* **Task brief**
A precise copy of the data is required, with every picture left out.

* **Exercise data**
##########

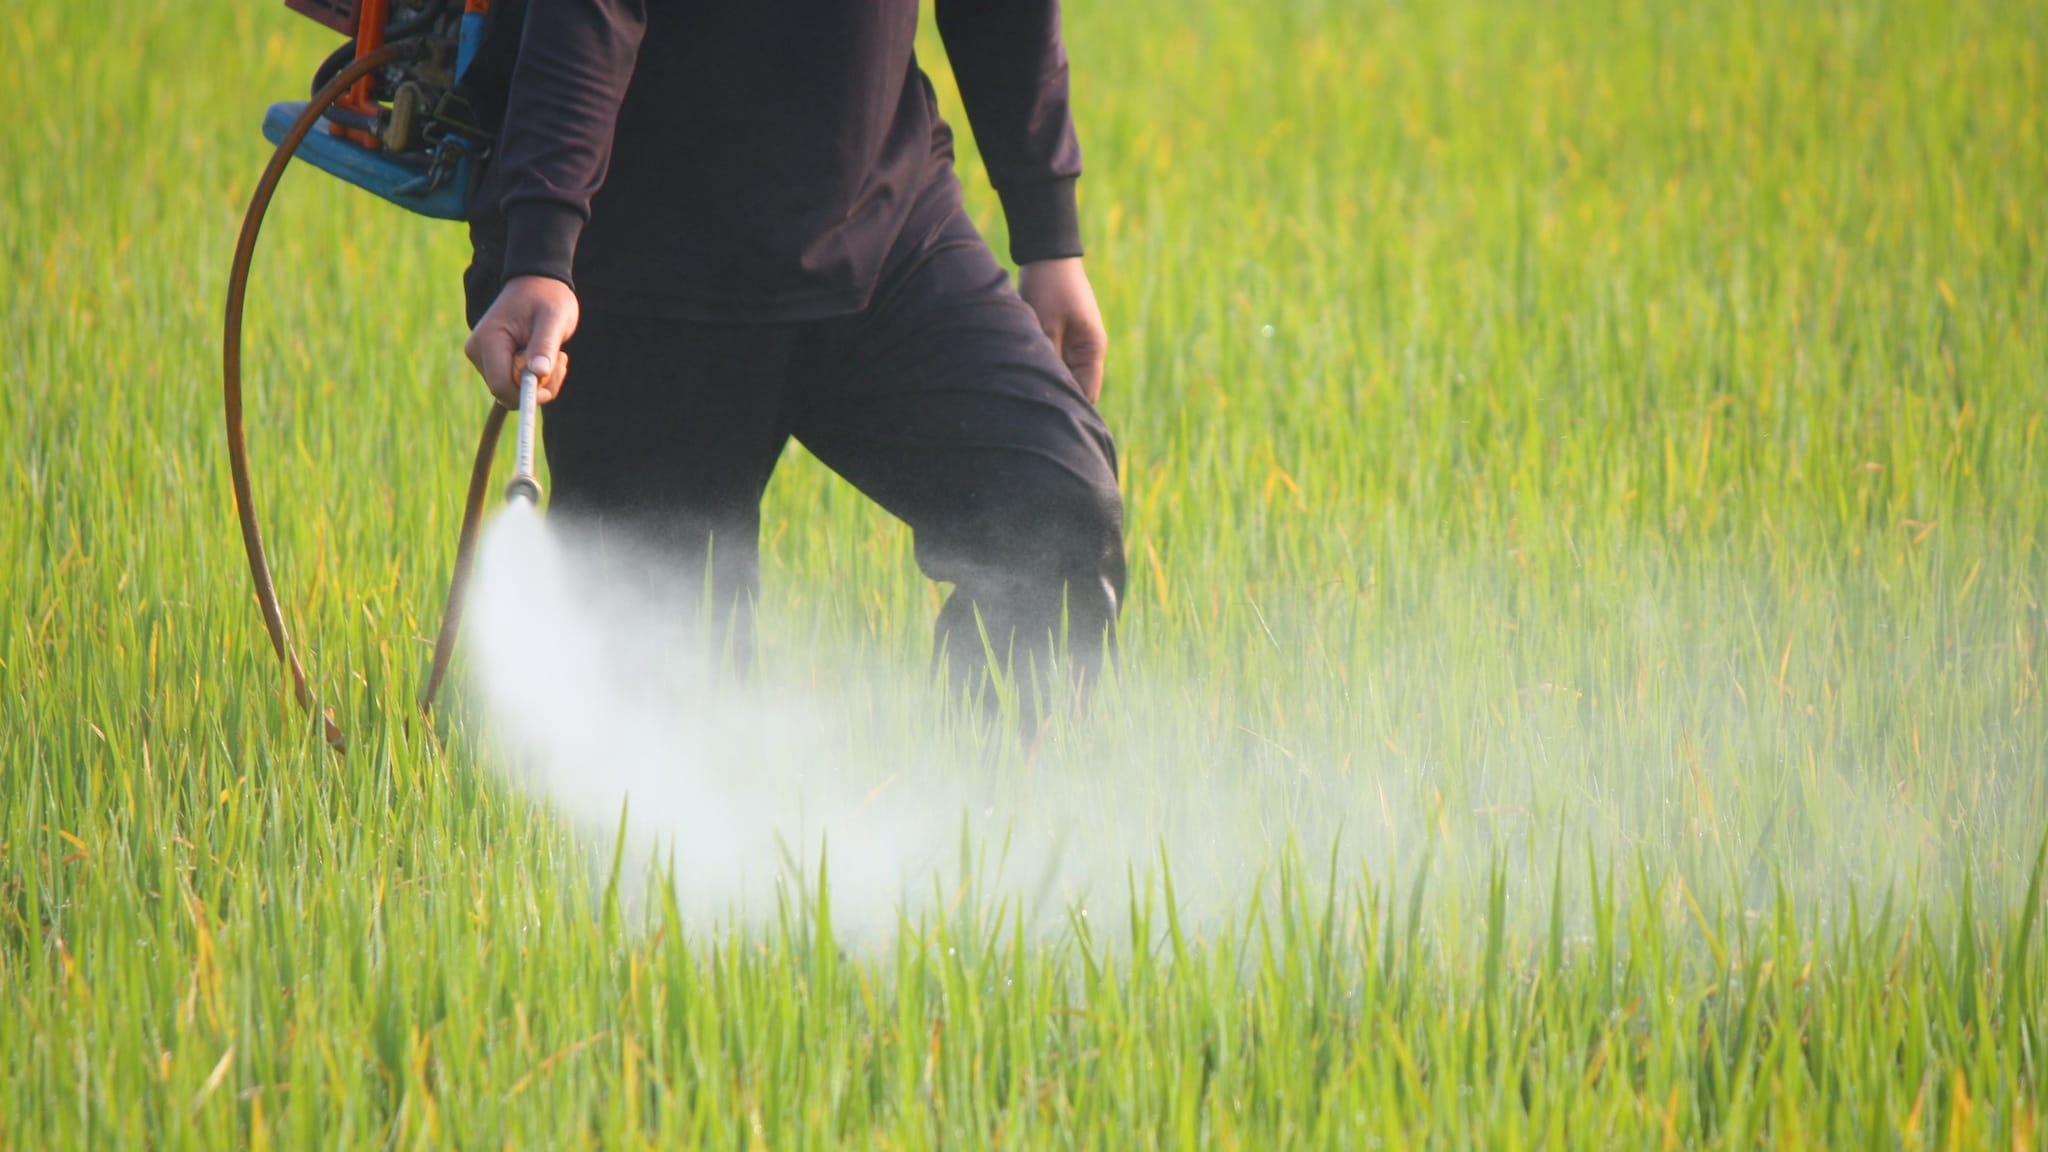 Worker spraying pesticide on crop.
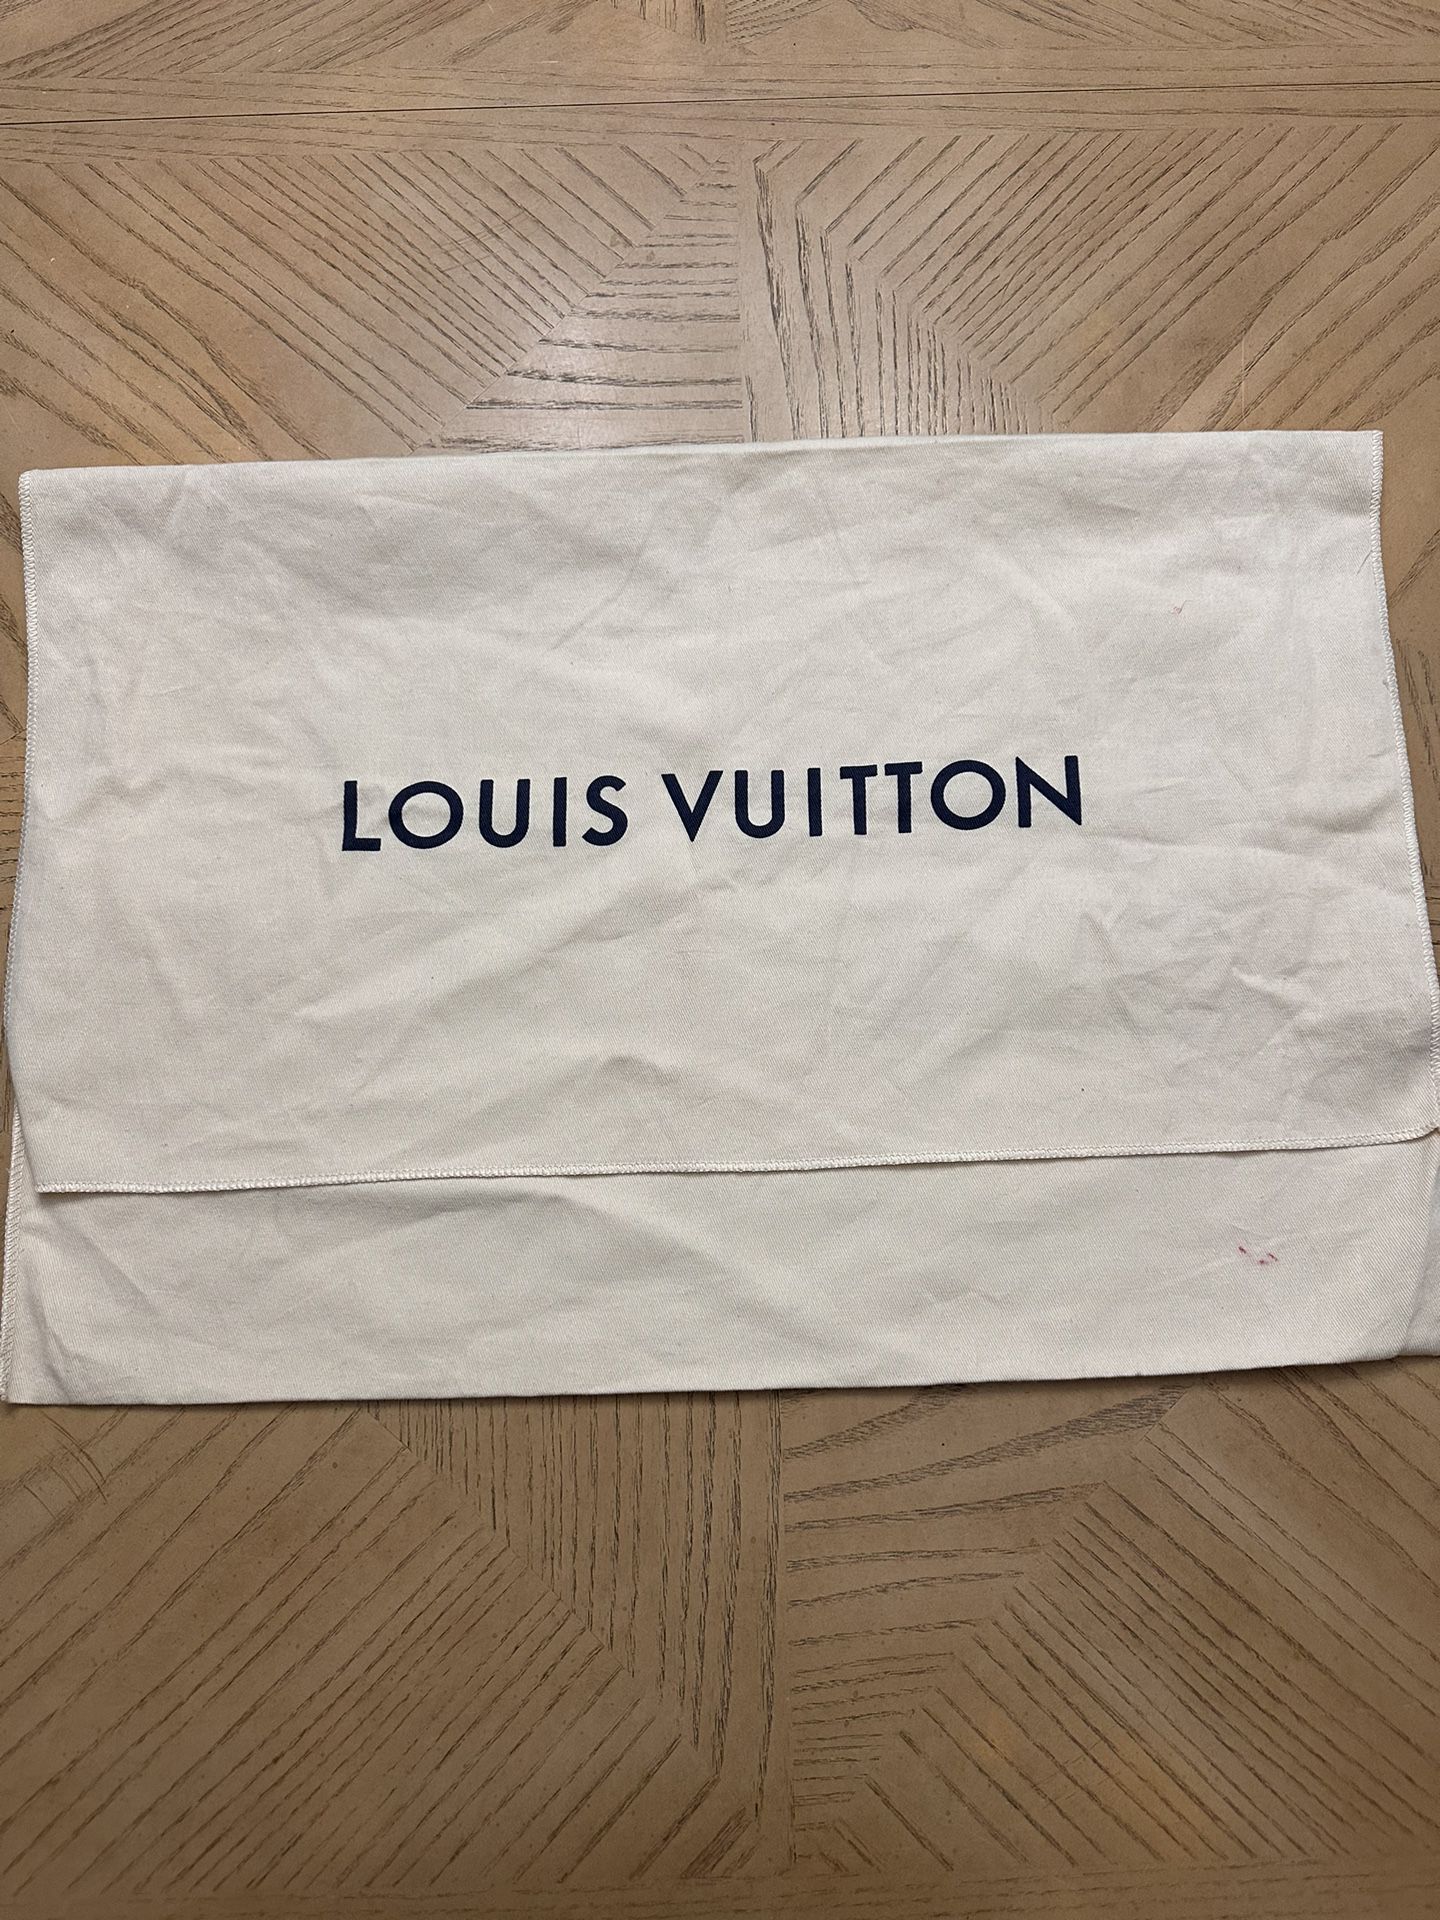 LOUIS VUITTON FLAP OVER DUST COVER DUST BAG  22”x15” Few marks
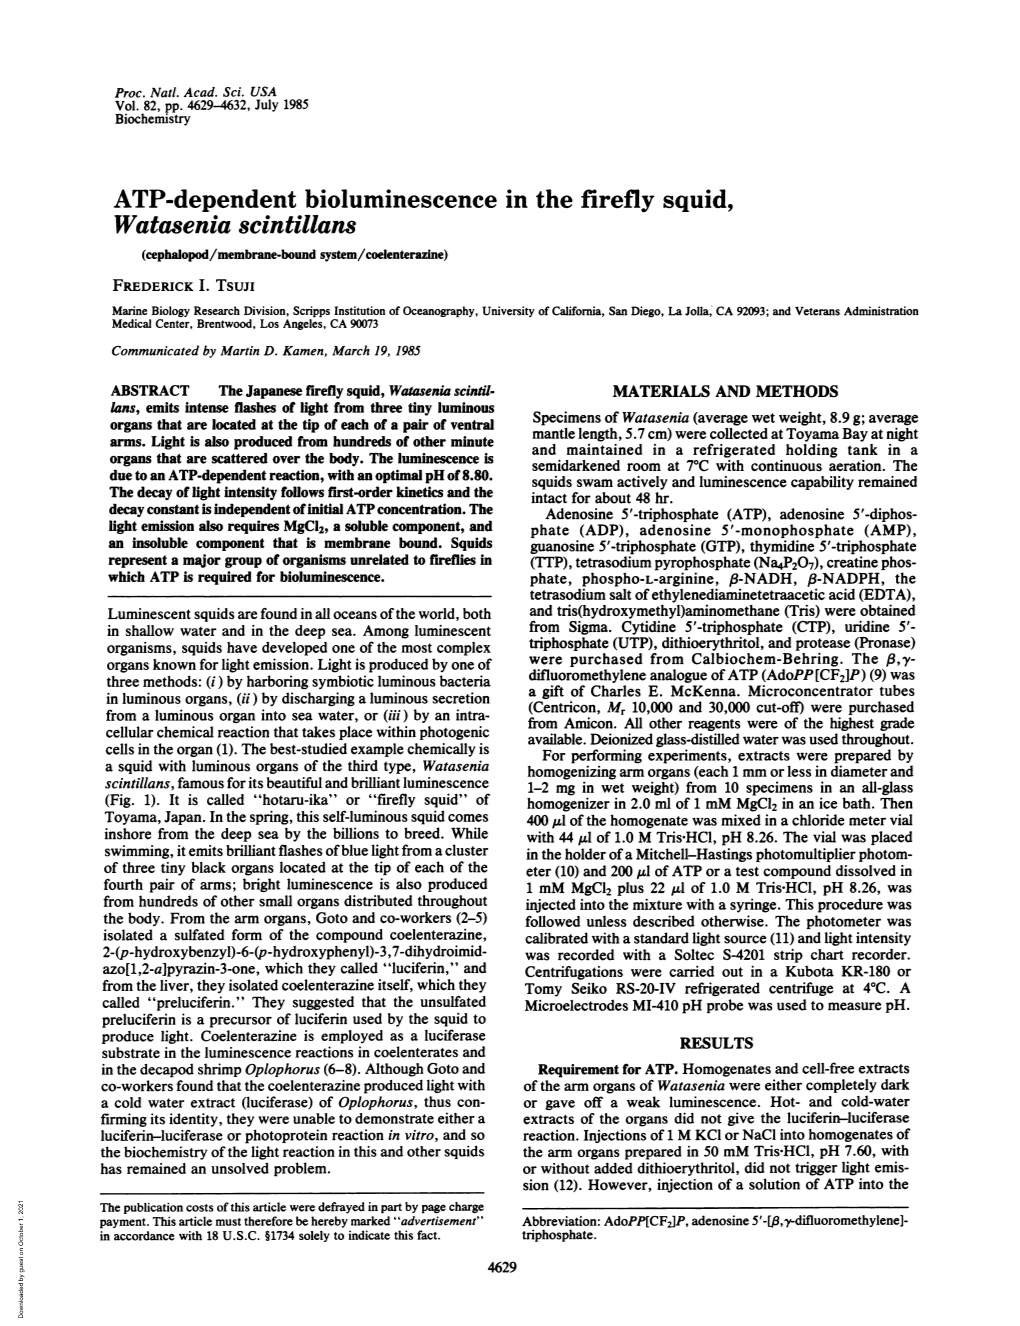 ATP-Dependent Bioluminescence in the Firefly Squid, Watasenia Scintillans (Cephalopod/Membrane-Bound System/Coelenterazine) FREDERICK I

##########

* **Your response**
 Worker spraying pesticide on crop.
 LOUIS VUITTON FLAP OVER DUST COVER DUST BAG  22”x15” Few marks
 ATP-Dependent Bioluminescence in the Firefly Squid, Watasenia Scintillans (Cephalopod/Membrane-Bound System/Coelenterazine) FREDERICK I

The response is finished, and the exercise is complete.